Obesity has been believed to be protective against osteoporosis due to higher bone mineral density (BMD). This increase in BMD is likely due to larger bone size, increased levels of estrogens due to aromatization of androgens from the adipose tissue, as well as changes in mechanical loading.15 However, evidence also demonstrates that obesity itself is a cause of altered levels of bone micronutrients and hormones. Vitamin D deficiency and elevated parathyroid hormone levels have been seen with higher BMI, thereby necessitating preoperative screening. In contrast to the metabolic improvements seen with diabetes and hypertension, bariatric surgery has been associated with bone loss.
The type of bariatric procedure determines the degree of both bone turnover and BMD loss. Long-term follow-up is recommended given the individual’s risk of bone loss. Restrictive procedures have not been shown to affect BMD greatly. The changes seen are consistent with what occurs with weight loss alone.15 One study found no differences in body bone mineral content between that measured preoperatively before gastric banding and then again at 2 years postoperatively.16 In contrast to the minimal changes seen with gastric banding, gastric bypass often can result in calcium deficiency as well as increased bone turnover and decreased bone mass. Lower calcium levels are a direct result of poor absorption of calcium due to loss of the proximal bowel location of absorption as well as decreased dietary intake.17
Not much data exist on bone loss following the SG procedure. One study examined bone loss in patients who underwent a SG as compared to those who underwent a gastric bypass.
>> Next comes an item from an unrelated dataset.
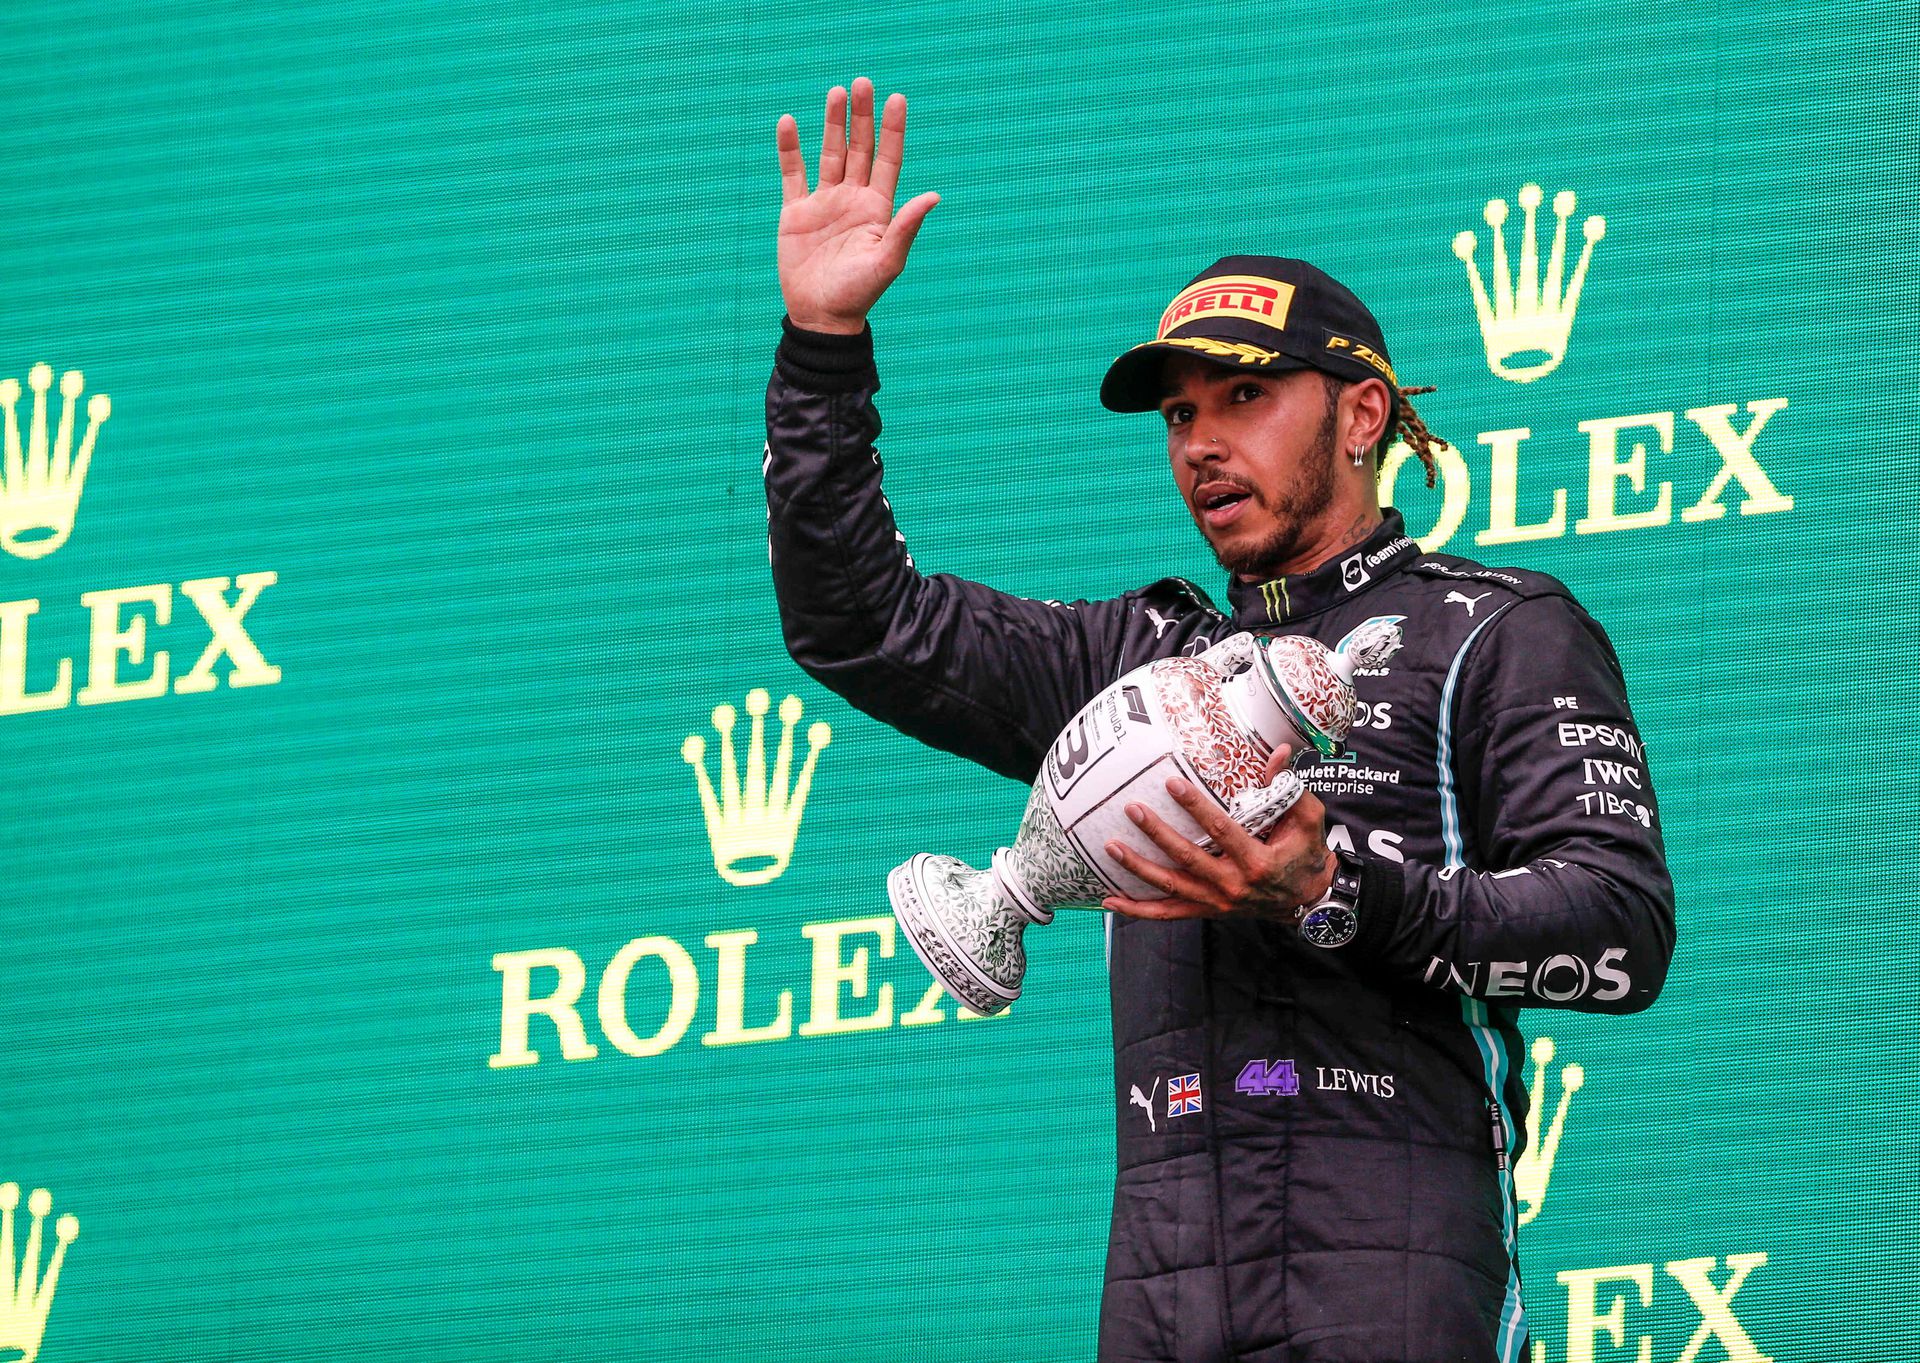 Lewis Hamilton két hete még harminchárom pontos hátrányban volt, aztán győzött a Brit Nagydíjon, a Magyar GP-n pedig második lett, így már vezeti a vébét, nyolcpontos az előnye / Fotó: Profimedia

Bone loss occurred in SG patients but at lower rates than in those after gastric bypass.18 Despite the increased rate of BMD loss and the altered hormone levels and decreased calcium following bariatric surgery, multiple studies have not supported an increased incidence in either osteoporosis or fracture.19 However, the accuracy of dual X-ray absorptiometry (DXA) in evaluating BMD is in question. Measurements of the spine and hip are more difficult to both obtain and interpret than those of the radius or tibia. Many images are unreadable due to poor penetration of photons through soft tissue, as well as BMD artifact and changing body composition.20
Knowing about the effect of bone loss can affect the choice of contraceptive to use after bariatric surgery. DMPA is an injectable contraceptive commonly used across the world and has been available for use for ~50 years. It acts as a contraceptive by inhibiting gonadotropin secretion, thereby suppressing estradiol production and follicle formation. Given the hypoestrogenic state created, bone resorption increases while bone formation decreases; thereby resulting in loss of BMD.21 While the concern for bone loss is the highest among adolescent users of DMPA, only one study has actually evaluated BMD levels after starting and then discontinuing DMPA in adolescents. Scholes et al followed 170 adolescent girls using DMPA and measured BMD every 6 months.22 Among DMPA users, BMD declined at the hip and spine relative to nonusers. More rapid bone loss was seen in new DMPA users when compared to DMPA users of >6 months.22 Typical BMD loss with DMPA is noted to be ~5% at both the femoral neck and the lumbar spine. This level of bone loss is similar to that seen with lactation.23 It is interesting, however, that the clinical significance of this decrease in BMD is unknown. What is known is that any decline in BMD noted with DMPA use is reversed after discontinuation, usually to levels seen at the time of initial DMPA start.24 Given this evidence, consensus statements from both the World Health Organization (WHO) and ACOG recommend that there be no restriction of use of DMPA in response to skeletal concerns. Furthermore, routine BMD testing is not recommended on the basis of this evidence.25,26
The question of whether or not DMPA can be used safely in reproductive-age women after undergoing bariatric surgery still requires clarification. In our opinion, given the lack of evidence that loss of BMD due to bariatric surgery is associated with increased fracture risk and that the use of DMPA leads to BMD loss and increased fracture risk, DMPA use should not be restricted in women who have undergone bariatric surgery. Whether monitoring of bone loss with DXA is necessary is still a question – routine monitoring in young women of reproductive age using DMPA is not recommended as DXA has not been validated in this population. In addition, given the inherent inaccuracy of DXA monitoring after bariatric surgery, it is our opinion that in those women being monitored with DXA, any noted bone loss would likely not correlate with an increased fracture risk. However, data on this question should be addressed with more long-term studies.
Weight loss blunting
Another concern after bariatric surgery is that of weight regain or weight loss blunting. It is unclear if the use of DMPA after bariatric surgery reduces the amount of weight lost. Another question is if the use of DMPA after bariatric surgery affects the amount of weight lost by changing a woman’s appetite. Before looking at the effects of DMPA, how weight loss occurs after surgery needs to be clarified.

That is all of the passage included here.